Q-day could arrive earlier than expected

The quantum computer is ceasing to be a theoretical problem and becoming an issue of technological and financial planning. This was stated by Citigroup in a report published on January 15, 2026, where it warns that the margin of preparation for the so-called Q-day could be reducing.

The report, titled “Quantum threat: The trillion-dollar race for security”, states that preparation no longer revolves solely around when that turning point will arrive, but rather when cost and complexity of migrating current infrastructure to post-quantum cryptography. Citi estimates that this transition could exceed $1 trillion.

Likewise, the financial institution indicates that there is a 19% to 34% chance that Q-day will occur before 2034while by 2044 the estimate increases to a range of 60% to 82%. At the same time, predictive markets like Kalshi assign about 40% probability to the appearance of a useful quantum computer before 2030.

For Citi, the most immediate risk is not a direct future attack, but rather the model known as “harvest now, decrypt later”: malicious actors could store encrypted information today for decipher it when sufficient quantum capacity exists.

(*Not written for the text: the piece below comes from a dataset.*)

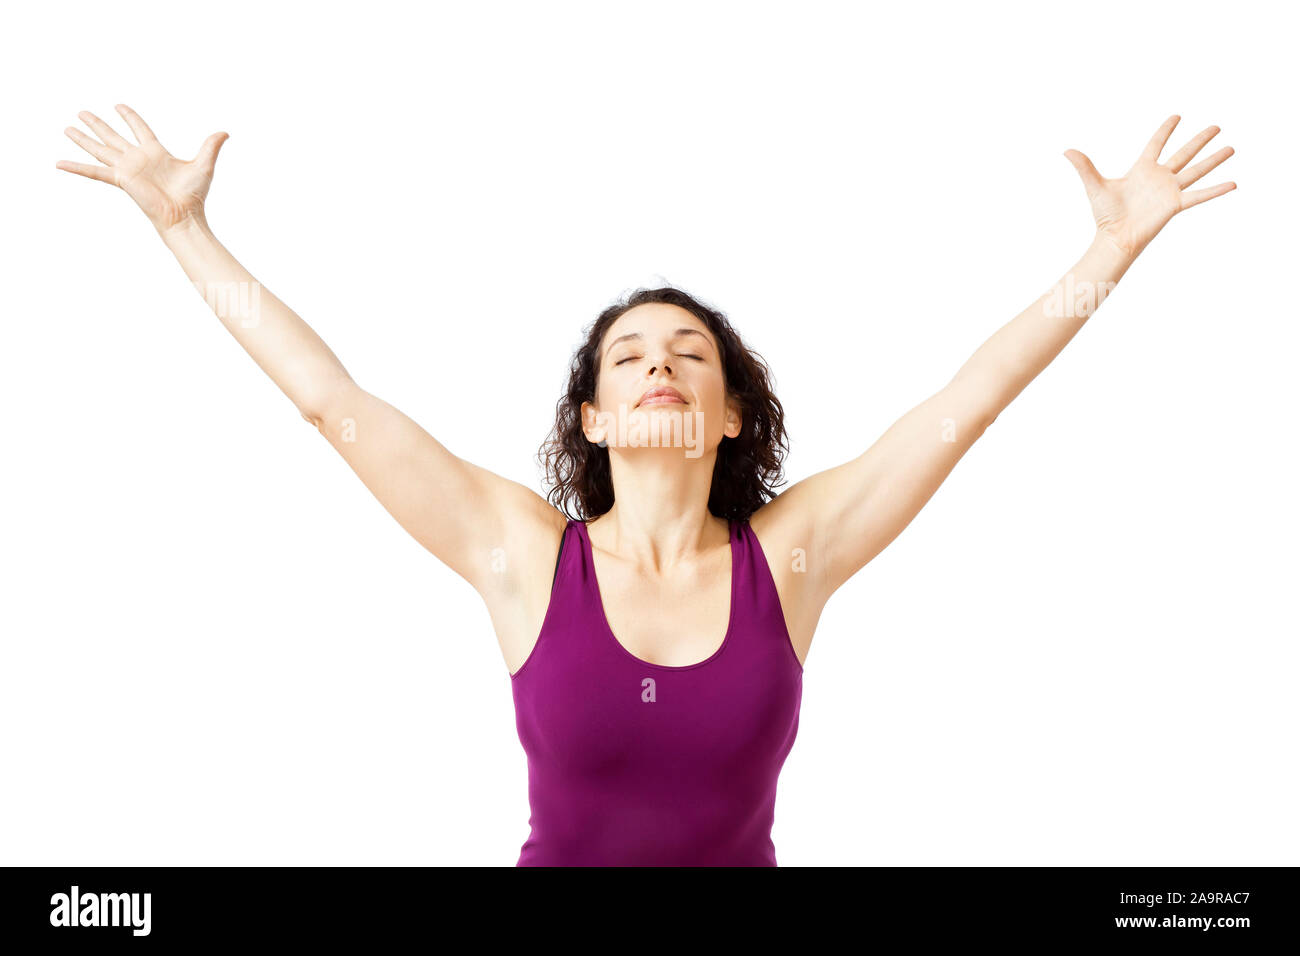 Eine huebsche Frau, die auf einer Isomatte Yoga-Uebungen durchfuehrt Stock Photo

It is worth noting that, in the case of cryptocurrencies, the report maintains that the exposure varies depending on the design of each network. In bitcoin (BTC), around 25% of coins would have potential risk because their public keys were already exposed on the chain. For Ethereum, estimate exceeds 65% of current supplywhile in Solana the exhibition would cover practically all assets in circulation.

Finally, Citi also emphasizes that the transition will not be immediate or uniform. The bank points out that regulatory bodies have already begun to define post-quantum cryptography standards and that some governments have set migration goals towards 2030 and 2035 for critical systems. The challenge, he adds, It is not the absence of solutions, but implementing them at scale.

The analysis partially coincides with recent assessments within the Bitcoin ecosystem. As CriptoNoticias reported, a Project Eleven report published in May stated that Q-day could materialize as early as 2030 and compromise up to 6.9 million BTC, equivalent to about 33% of the total supply, especially those associated with old, reused addresses or with visible public keys.

Nevertheless, the scene continues to divide opinions. While reports such as those from Project Eleven and Citi maintain that the adaptation window could shorten during this decade, figures from the bitcoiner ecosystem such as Adam Back, Samson Mow or the developer Murch consider that there would still be many years before there is a quantum computer capable of breaking elliptic curve cryptography in real scenarios.

Until now, much of the discussion has focused on whether Q-day will arrive in 2030, 2033, or later. Citi shifts focus to another problem: how much it will cost to adapt the financial and technological system and decentralized networks before that moment occurs.

If the transition does indeed enter a multi-year, trillion-dollar race, the real risk might not be the arrival of the quantum computer, but running out of time to migrate.